Second, automate the analysis of the artifacts. Before the ticket is created, your SOAR sends the attachments and URLs to your sandbox. The items are detonated, and the ticket is populated with the analysis. The ticket can be upgraded to a higher priority if the email is malicious. All blocks and mitigations put in place are done manually at this point. This allows the analysts to decide the efficacy of the determination and adjust.
This is also when automation can be used to look for other instances of the email or communications to the known bad URLs/IP addresses. Emails can be removed from inboxes before they are ever seen by the user.
Third, send the reporting user a Slack message with the determination. The importance of this step cannot be overstated. Over my many years in security the best way to ensure the “see something say something” mantra is followed is with reinforcement. Users want to know if it is a valid email. Sometimes they want to know if they CAN click on the link. When they report phishing and never hear back, they never know if it was really a malicious email. And don’t get me started on the people that use the report phishing button instead of the delete button.
In our situation, a message is sent to the user that says one of three things:
“This email appears to be malicious. An analyst is reviewing it and will reach out with more information. Excellent work identifying a phishing email and protecting the company.” A similar message is sent to the user’s manager to inform them of the accomplishment.
“This email has been reviewed by our automated system and appears to be benign. If you still believe it to be malicious, type yes and an analyst will review the email manually. You will receive a response from the analyst with their determination.”
“Our automated systems were not able to determine if this email is malicious or benign. An analyst will manually review the email and report back to you.”

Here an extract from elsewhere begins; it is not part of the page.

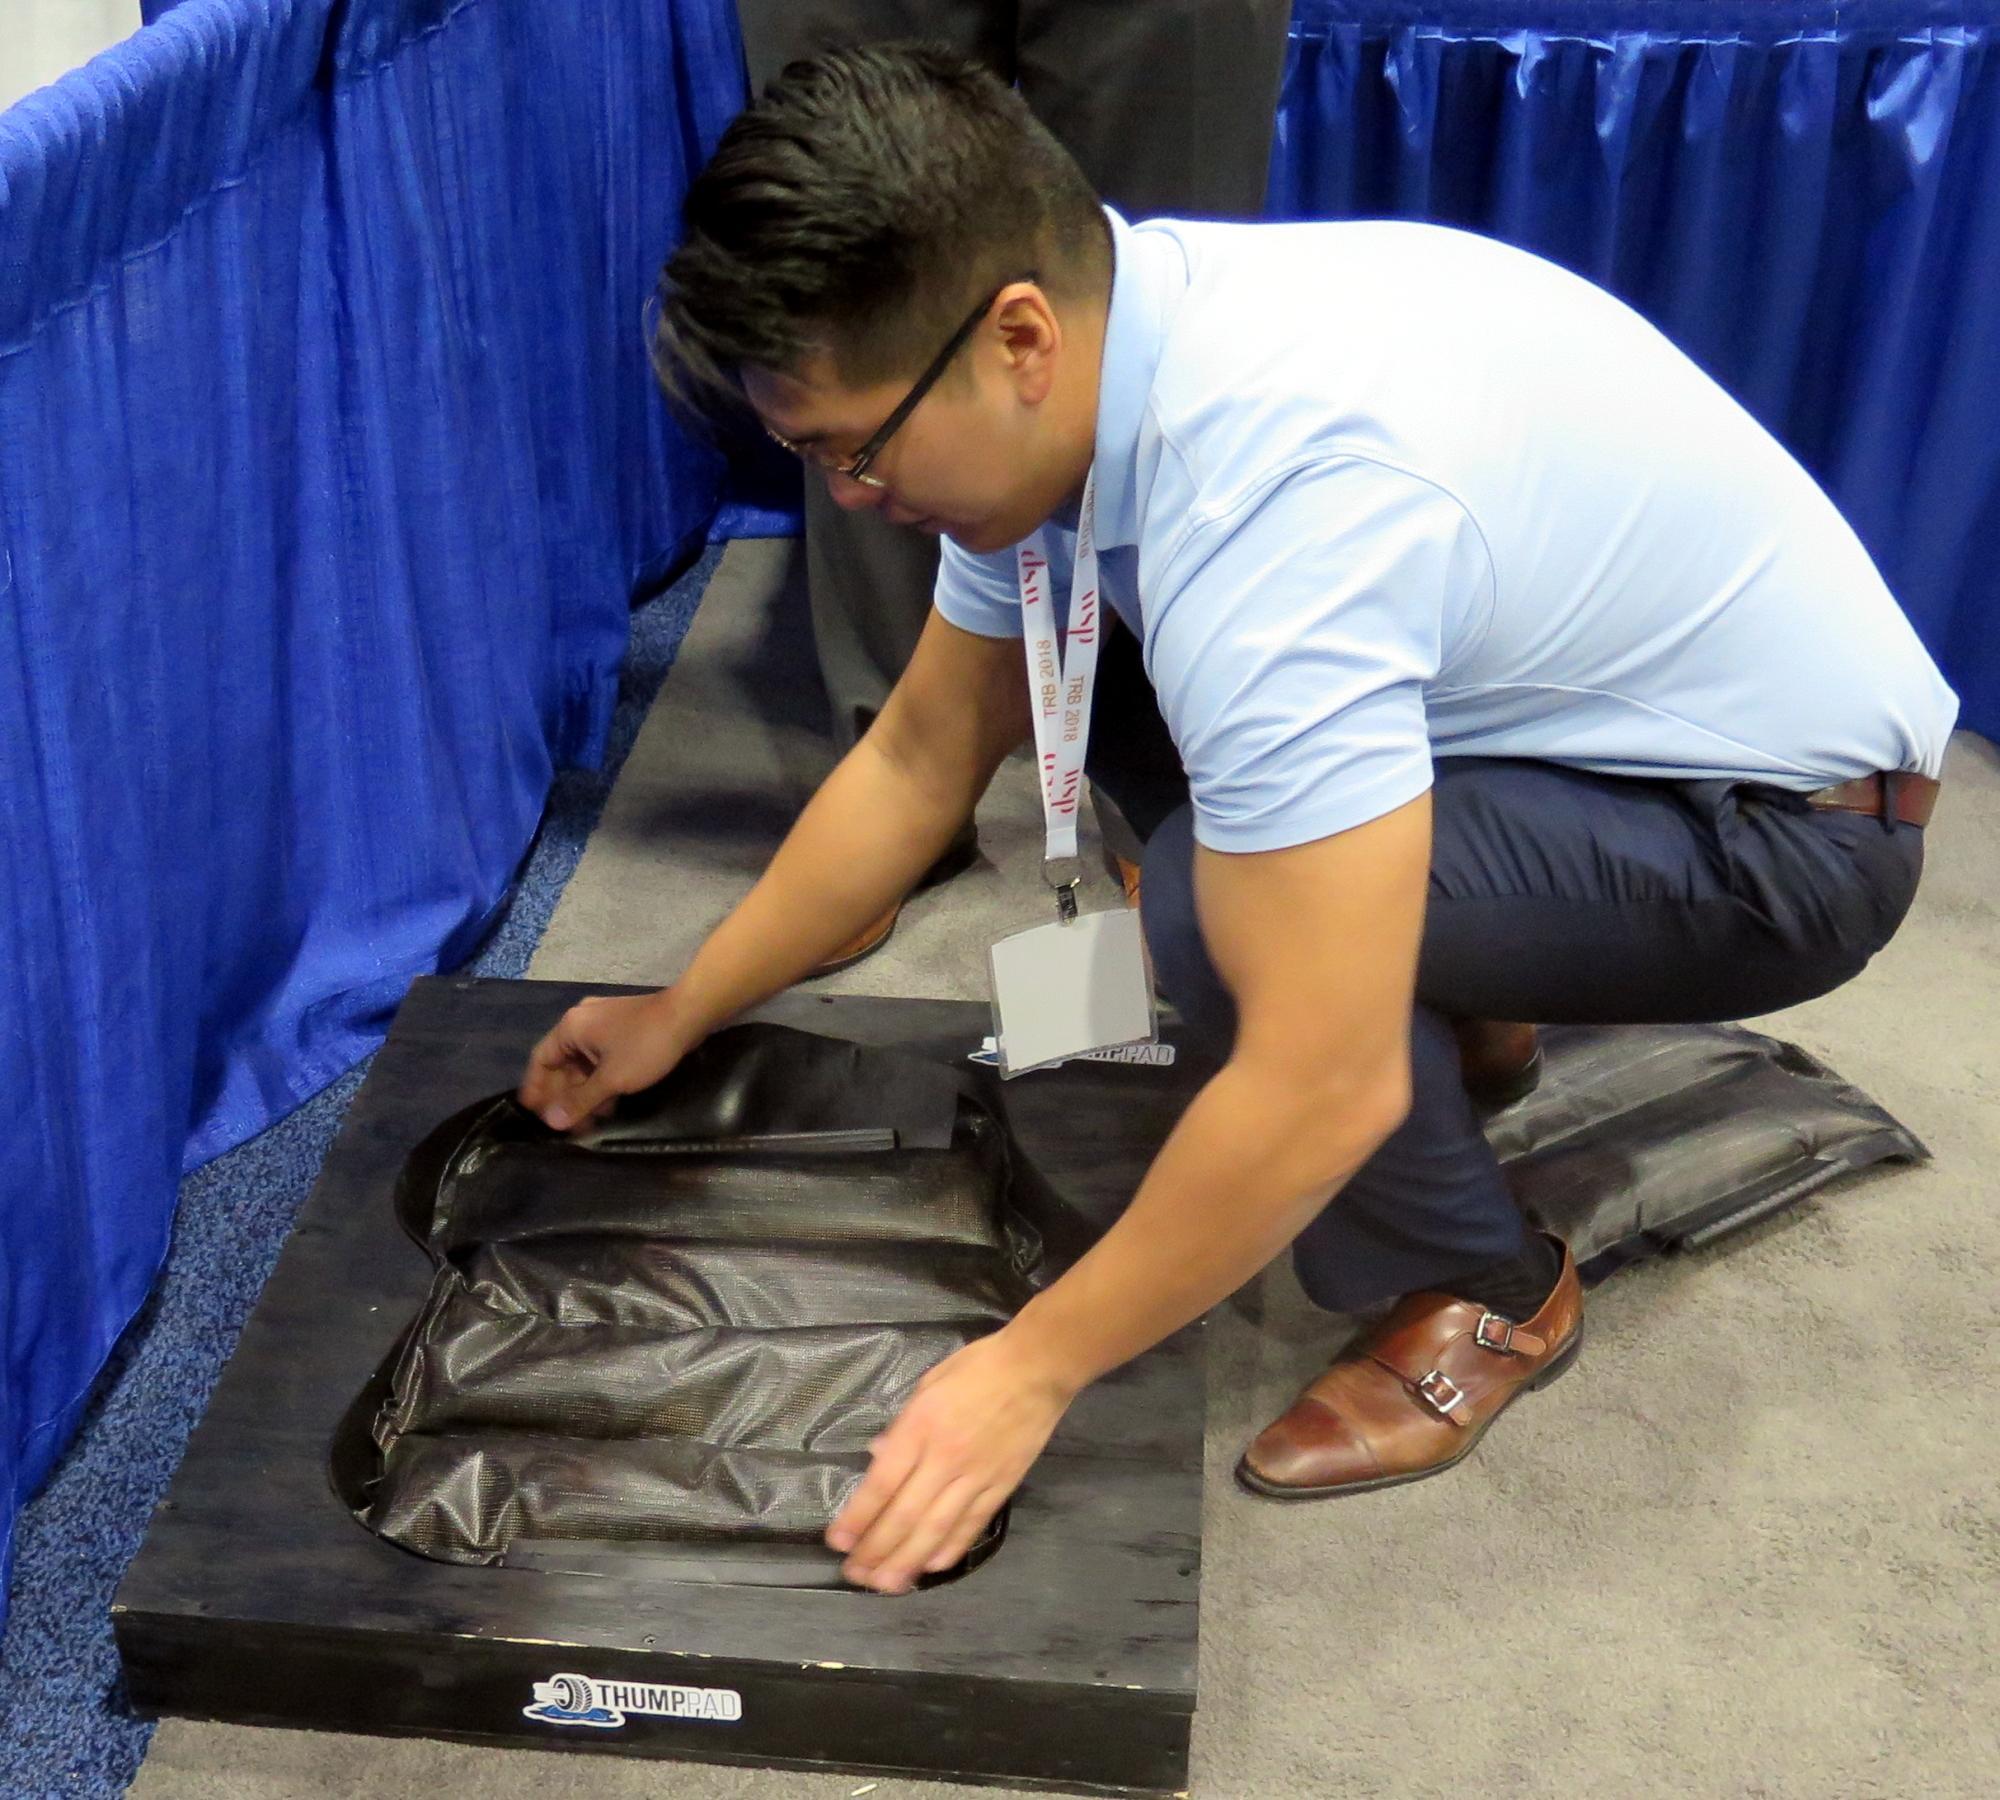 Mann verlegt ein ThumbPad in eine Mulde

This is a clear example of improving the corporate culture through continuous education and communication. You should do quarterly training with phishing assessments and communicate the results. But a simple compliment during a routine report goes a long way to reinforcing training.
The last iteration of this SOAR workflow is to implement the mitigations. This is the most sensitive and can be impacting. Doing it last is critical to ensure a low false positive rate. There can still be human intervention prior to rolling out blocks or deleting emails from the mail server.
There are many other low hanging fruits to grab using SOAR. Working for large enterprises, I have found that data loss prevention (DLP) alerts are a good start also. Using new Generative AI (GenAI) technologies allows us to take automation to another level when responding to DLP alerts. That’s for a future post.